I was recently invited to submit a short essay responding to the question: What If My Religion Ruled The World? Here is my essay:
The very question, What If My Religion Ruled The World, is a frightening one. Indeed, the fact that we could even entertain such a thought is scary to me. Theocracy is quite simply an authoritarian government leaning toward if not firmly in the grip of fascism. When God and government mix, it is always at the expense of human dignity, integrity, justice and compassion.
In the Torah God warns the people against having a king. He sees them as a “nation of priests,” and a “holy people.” (Exodus 19:6) who are to be ruled by judges not kings. Judges are concerned with justice, kings with power. In Samuel 10:19 God tells the people that by choosing to be lead by a king they have “rejected your God.” To be aligned with God is to be committed to justice, not power: “justice, and only justice you shall pursue,” (Deuteronomy 16:20).
The Torah is clear that when the people succumb to the quest for power they are capable of great evil— genocide and ethnic cleansing— and they do this evil in the name of God. What we see today is nothing new.
The heart of Judaism is found not in the doings of her kings or the pomp of her priests, but in the principles taught by her prophets. The prophets spoke out against the tyranny of the powerful and the exploitation of the powerless. The prophets offered a view of God very different from that of the ruling elite; a God who cared about the widow and the orphan, a God who is moved by acts of justice and compassion not ritual sacrifice and military might.
Even the rabbis do not live up to the prophetic ideal, focusing instead on adherence to their laws and customs, and insisting that these come not from themselves, but from God. The rabbis no less than their priestly rivals equate God with power and seek to claim both for themselves.
Yet, the question is asked, so let me speak to it more concretely. What if Judaism ruled the world? It is very Jewish to answer a question with a question, so would ask, Which Judaism? The Judaism of the prophets or the Judaism of the rabbis? And if the latter, is it the Judaism of the Orthodox or the Judaism of the liberals? Judaism has never been monolithic.

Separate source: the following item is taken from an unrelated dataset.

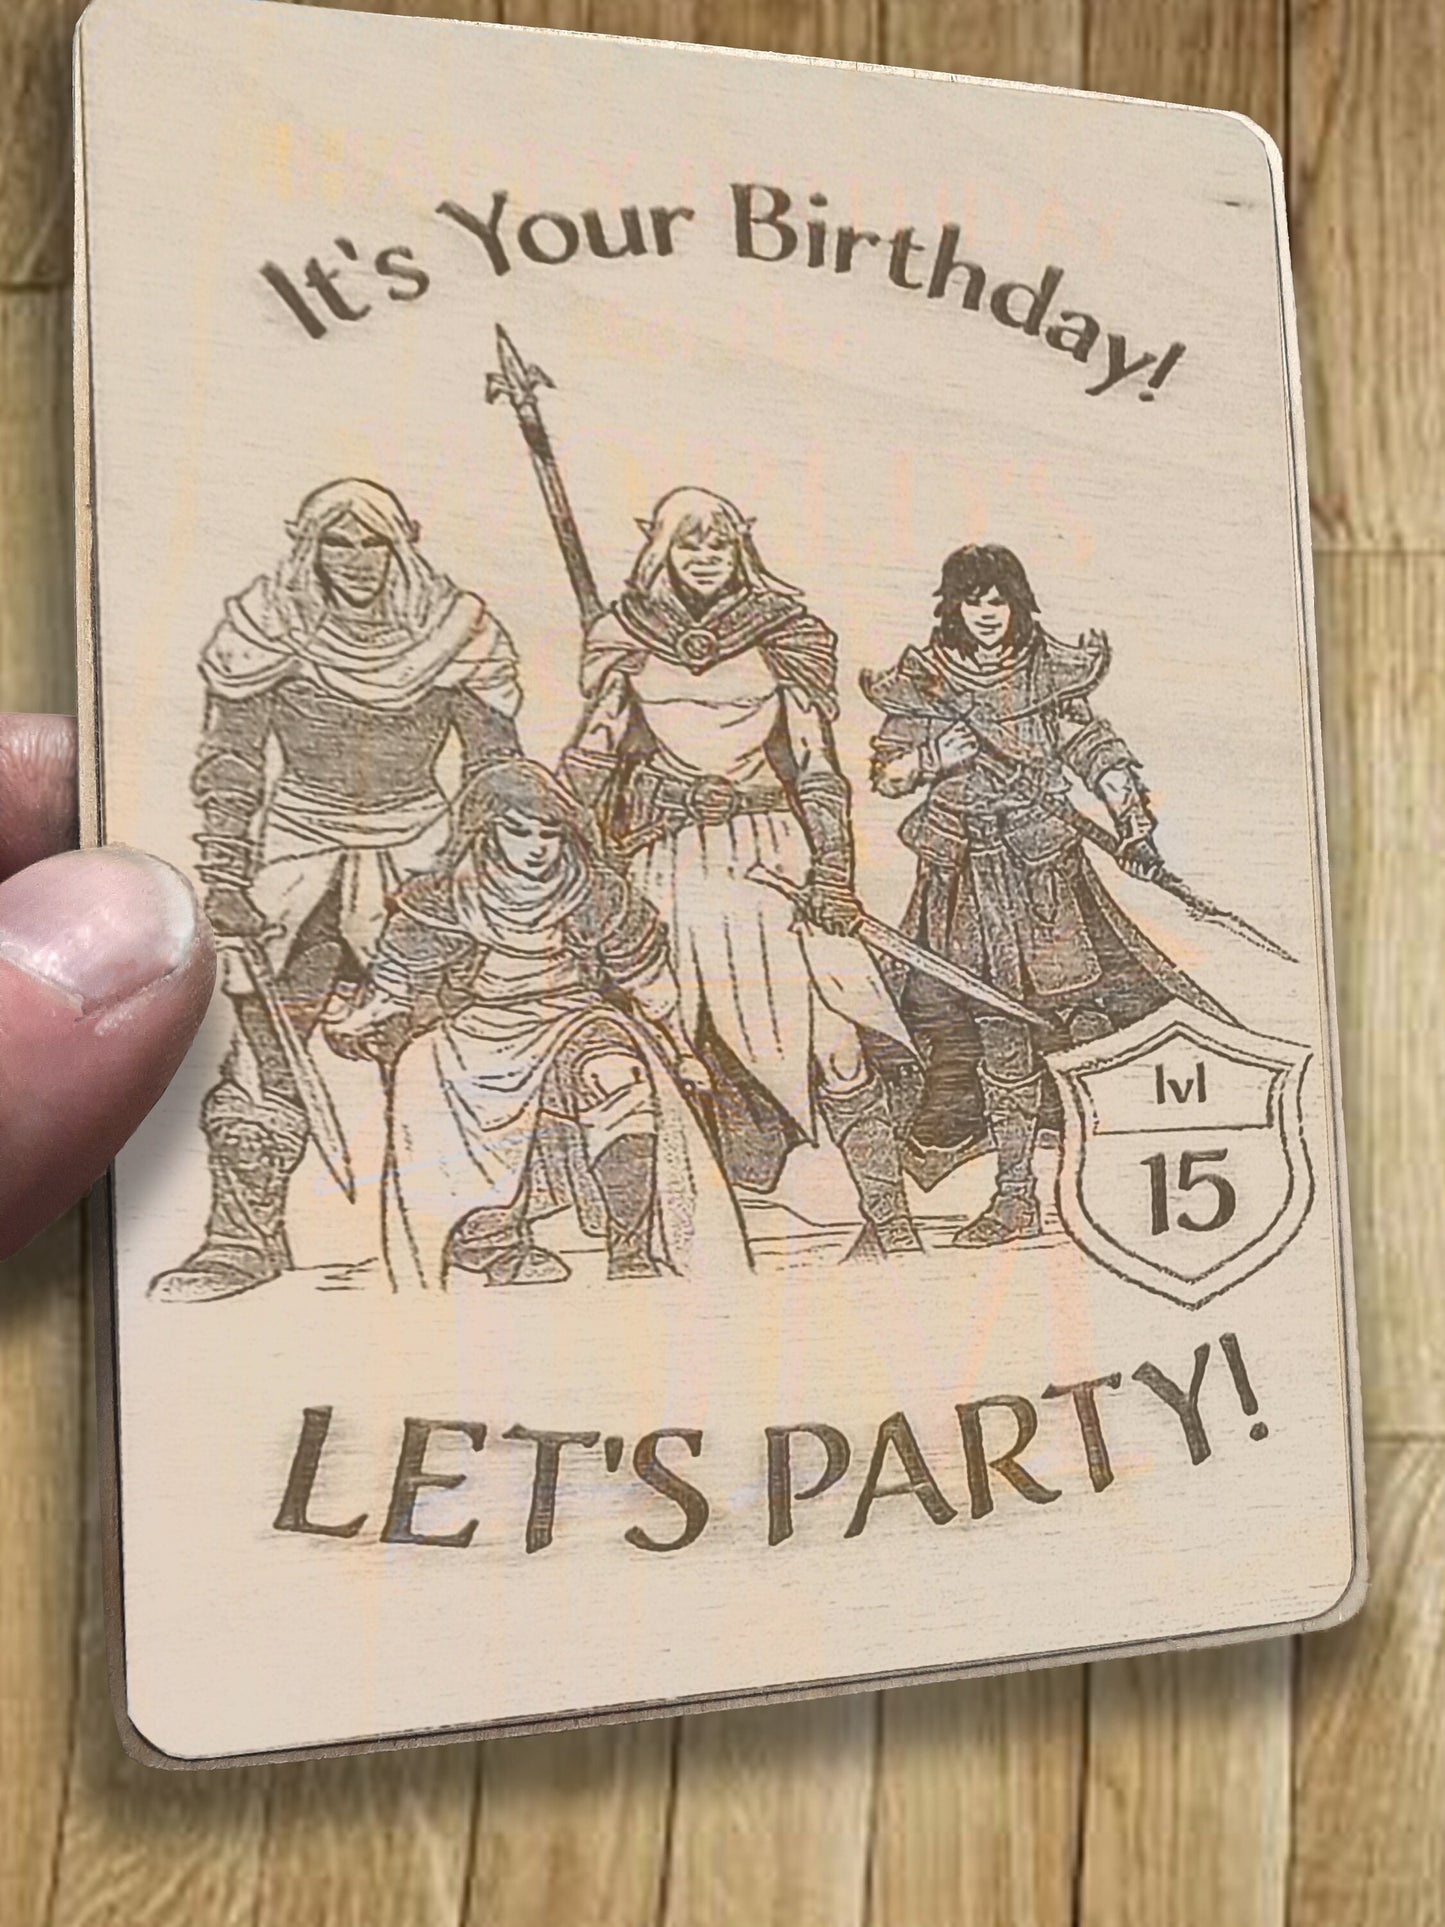 It's Your Birthday LET'S PARTY! - Birthday Card - Humorous birthday card, engraved wood, rpg gamer gift, role-playing games d&d dnd

To keep things simple, let me focus on Orthodoxy. If we want to know what the world would look like if Orthodox Judaism ruled the world, we can look to see how they rule in modern day Israel. While still a democracy, and 90% secular, the private lives of Israeli Jews are ruled by the theocracy of the Orthodox establishment.

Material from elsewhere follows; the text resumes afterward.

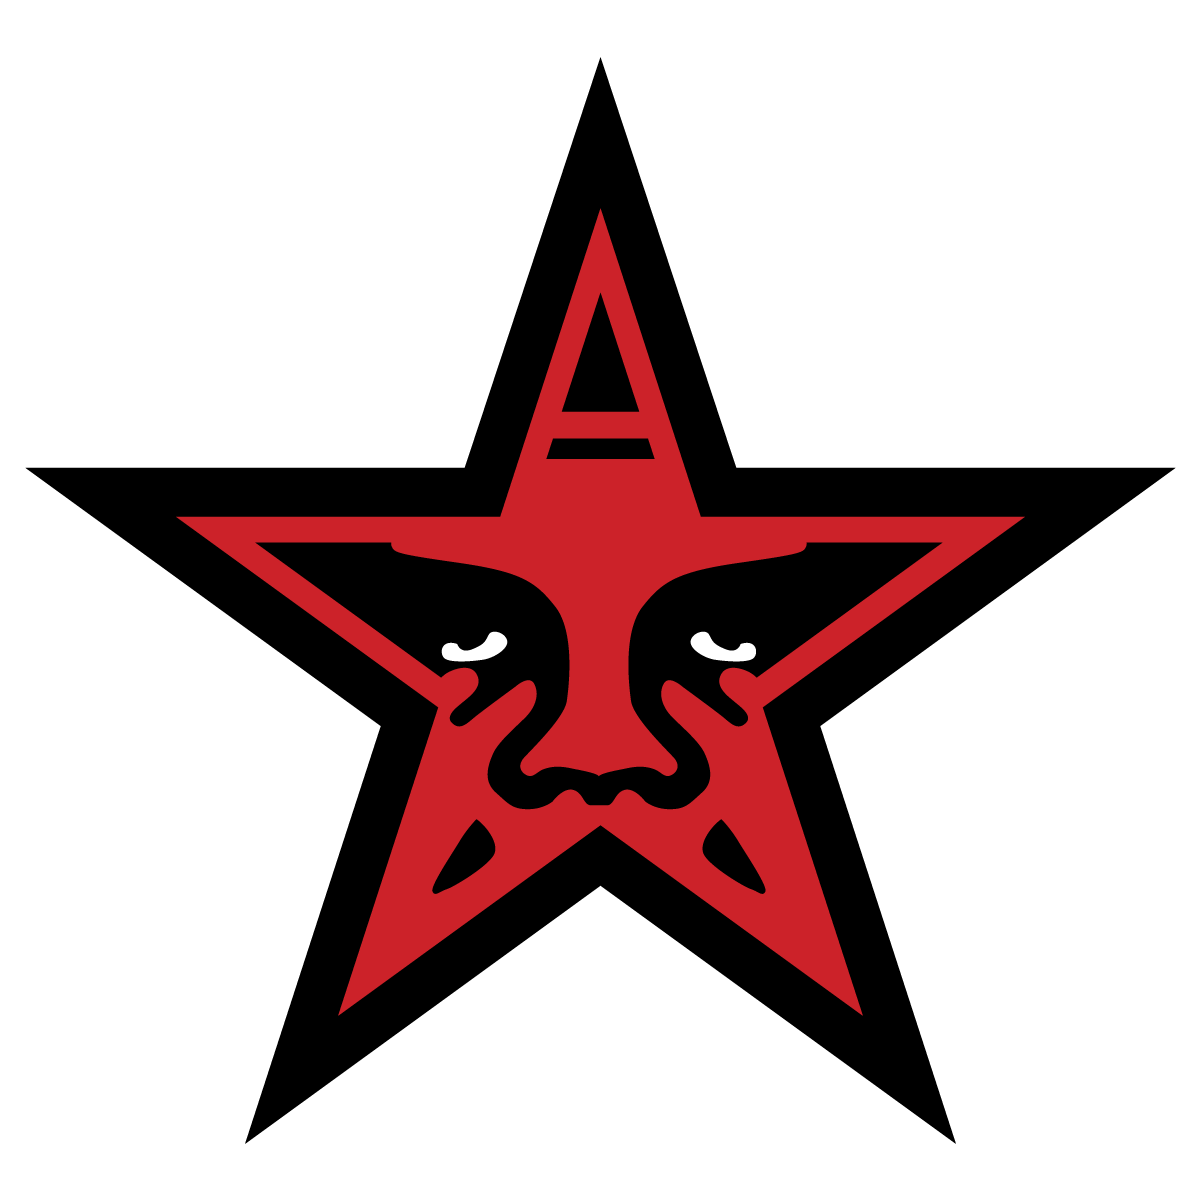 Obey GFX Logo - Obey Giant Star Red Logo Vector | Free Vector Silhouette Graphics AI ...

It is the Orthodox rabbinate who decides who is a Jew, who is a rabbi, and who can marry whom. It is the Orthodox establishment that denies women the right to initiate divorce, and ties widows who cannot prove their husbands are dead (perhaps they were lost in war, but no body was found, for example) to the dead by refusing to free them from their marriages. It is the Orthodox establishment that refuses to ordain women as rabbis, and disenfranchises any Judaism but their own.
It is easy to see what would happen if Judaism ruled the world: we would all step closer to living in the Middle Ages. Indeed, it is my belief that if they could get away with it, Orthodoxies of every religious type would shape the world into a Taliban-like state.
What the world today so desperately needs is not the power-focused teaching of religious elites, but the justice-focused radicalism of the prophets of all faiths. It is the prophets who speak for God and creation, and who can cross the boundaries established by clerics and kings, seeing all people as God’s people, and all beings as God’s Being.